Tutto ampiamente prevedibile, tranne i dettagli: l'oltraggiosa liturgia di Berlusconi nella tana del nemico... (continua sull'Unita.it, H1t#215).  Fino a qualche mese fa lo avremmo considerato l’ennesimo errore tattico di una segreteria PD. Adesso però c’è Renzi e non ha senso prendersela con lui: una sbruffonata così è perfettamente nel suo stile. A gli elettori del PD che lo hanno voluto segretario non era dato sapere, in dicembre, se avrebbe sostenuto Letta o se lo avrebbe impallinato; l’unica cosa sicura era lo stile-Renzi, dal protagonismo in similpelle alla tendenza a conferire con Berlusconi tête-à-tête; e lo stile-Renzi ha vinto su tutte le obiezioni col 73%.

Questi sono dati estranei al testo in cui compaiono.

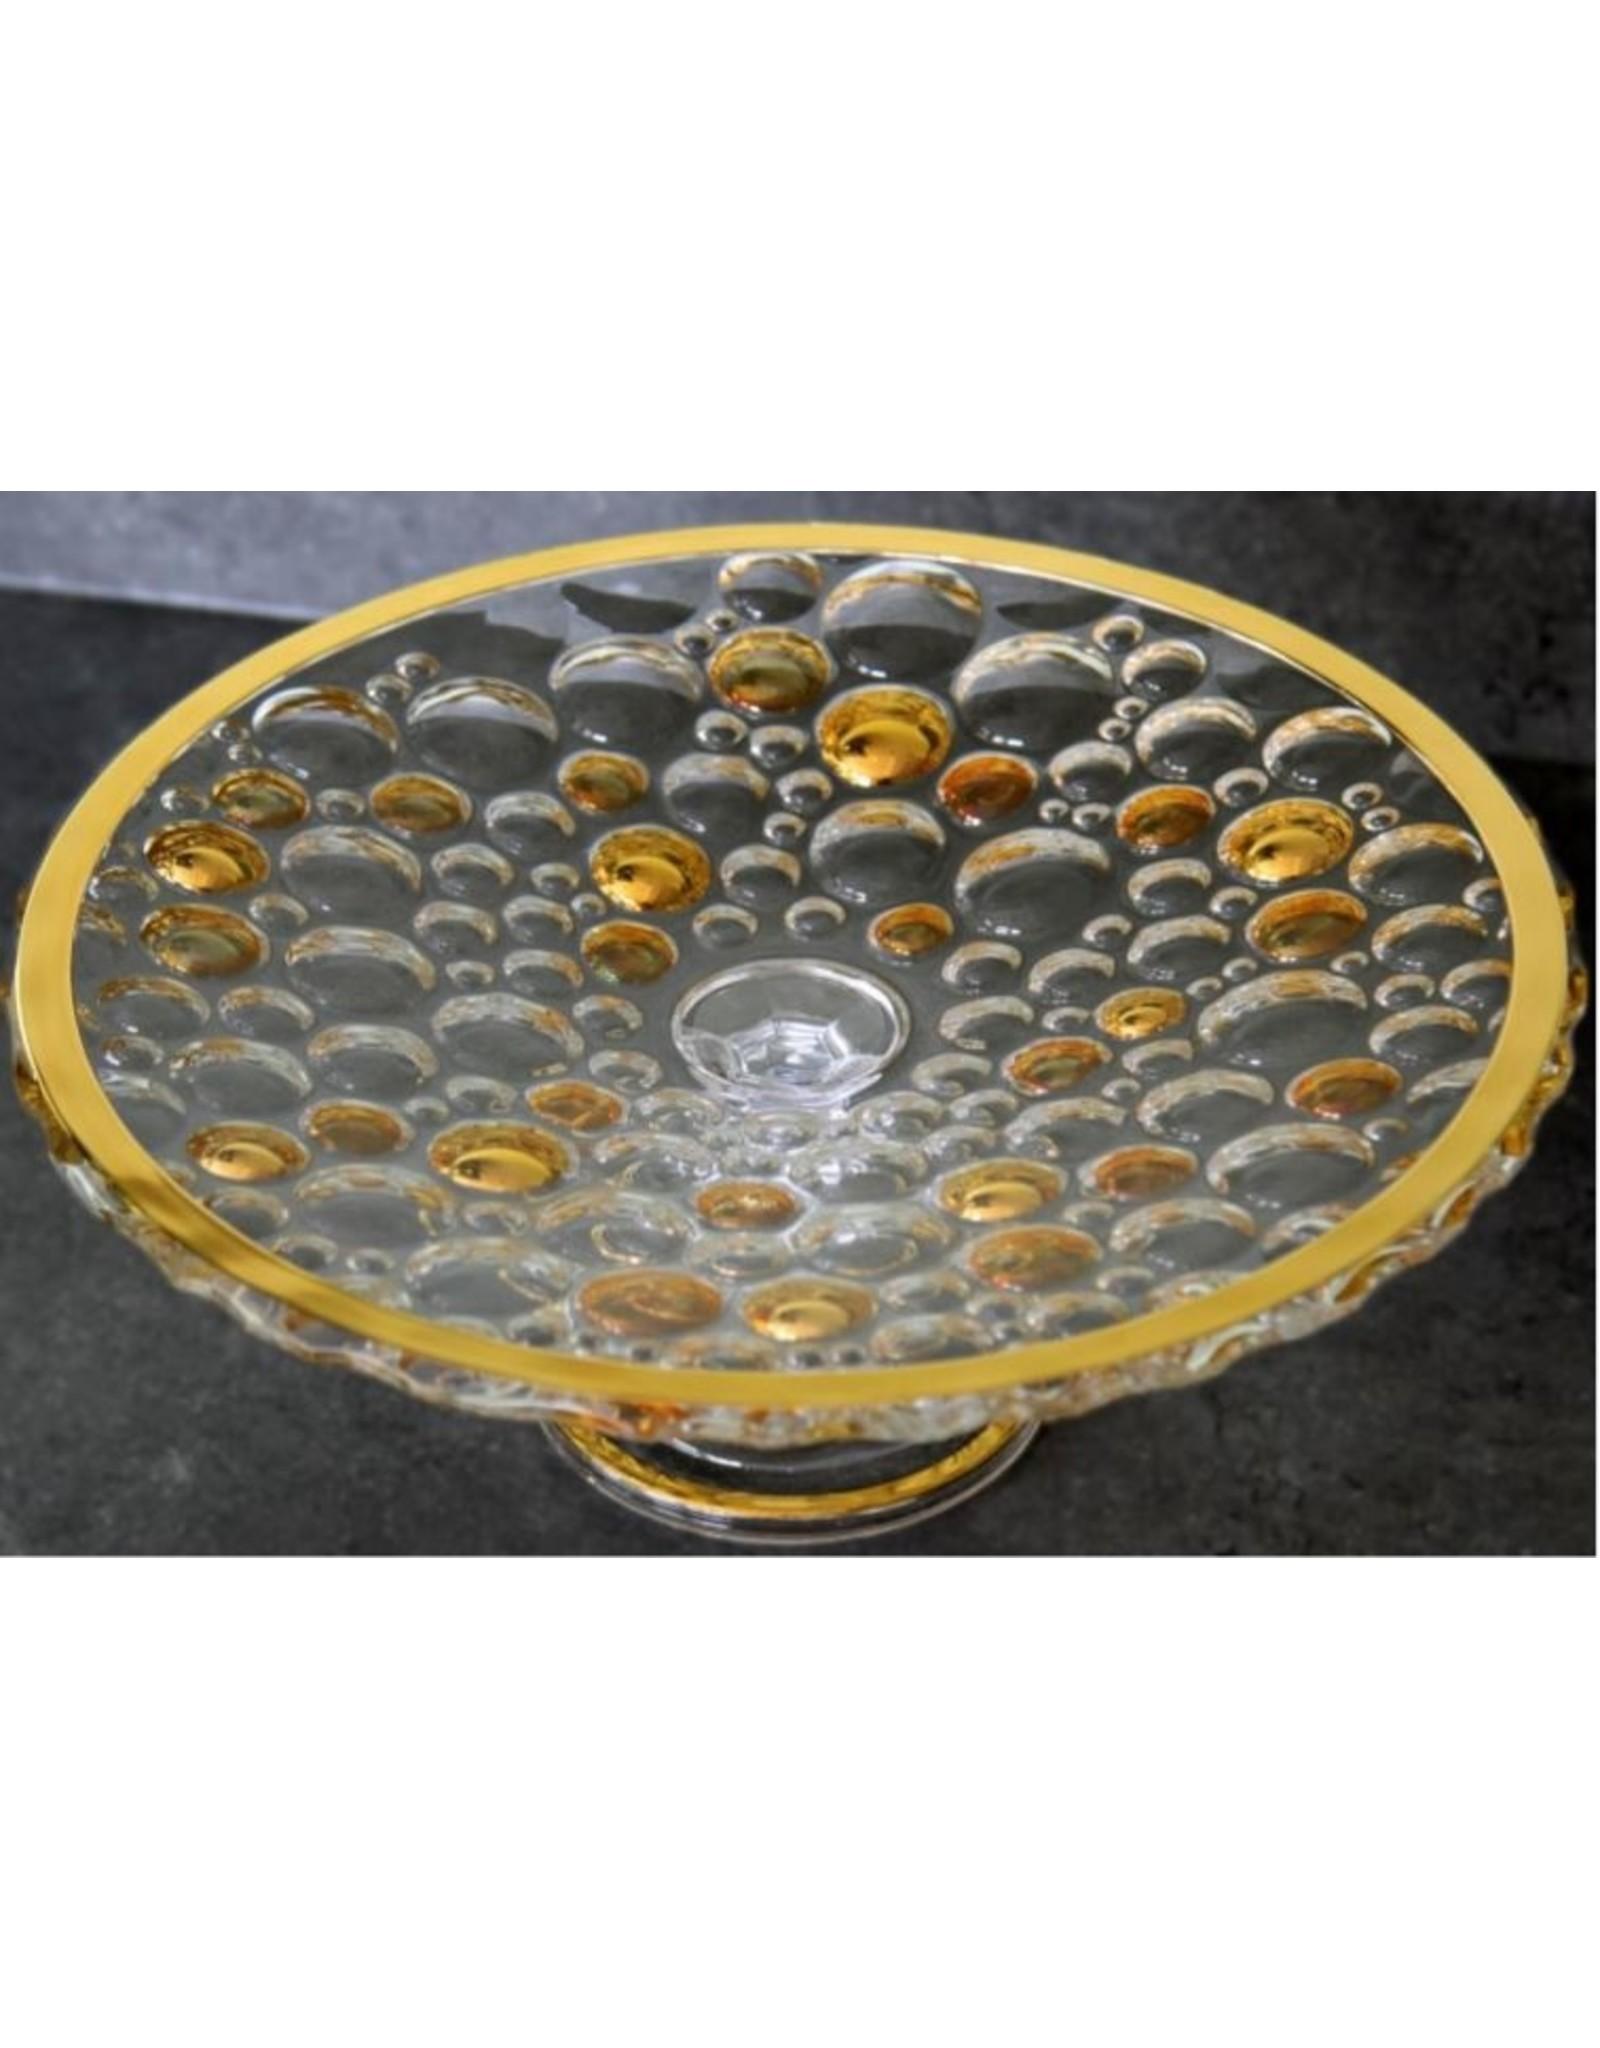 Skloglass Bolla kristal plateau op standaard / goud decoratie

Ora sappiamo che Renzi manterrà in vita il governo Letta, per un anno almeno. Dovrà difenderlo, qualsiasi cosa accada – e di cose ne stanno accadendo: alcune magari sono sciocchezze pompate dai media, ma se i media si comportano così non si capisce perché dovrebbero cambiare atteggiamento da qui a un anno. Nel frattempo dovrà difendere Berlusconi mentre riscrive diversi articoli della Costituzione con lui. Questo significa, a spanne, seppellire qualsiasi possibile intervento sul conflitto d’interessi, un argomento a cui Renzi non è mai stato appassionato. Sarà un anno molto lungo, e Renzi deve gran parte del suo successo al fatto di essere un uomo nuovo: tra un anno lo sarà molto meno. E a quel punto magari si voterà, con un sistema elettorale che Berlusconi ha potuto scegliere con comodo. Con la Mediaset tutta ancora saldamente nelle mani del presidente di Forza Italia. Ok, siamo uomini di mondo, se Renzi ha offerto tutto questo a Berlusconi, avrà senz’altro ottenuto qualcosa in cambio. Qualcosa che al momento ci sfugge: la Lega su un piatto d’argento? Briciole. La benevolenza della stampa berlusconiana? Sai che roba – e poi durerà solo finché lo vuole il padrone. La stabilità? Ma non era venuto a rottamare? E quali garanzie hai di vincere tra un anno quello che temi evidentemente di non portare a casa in maggio col Mattarellum?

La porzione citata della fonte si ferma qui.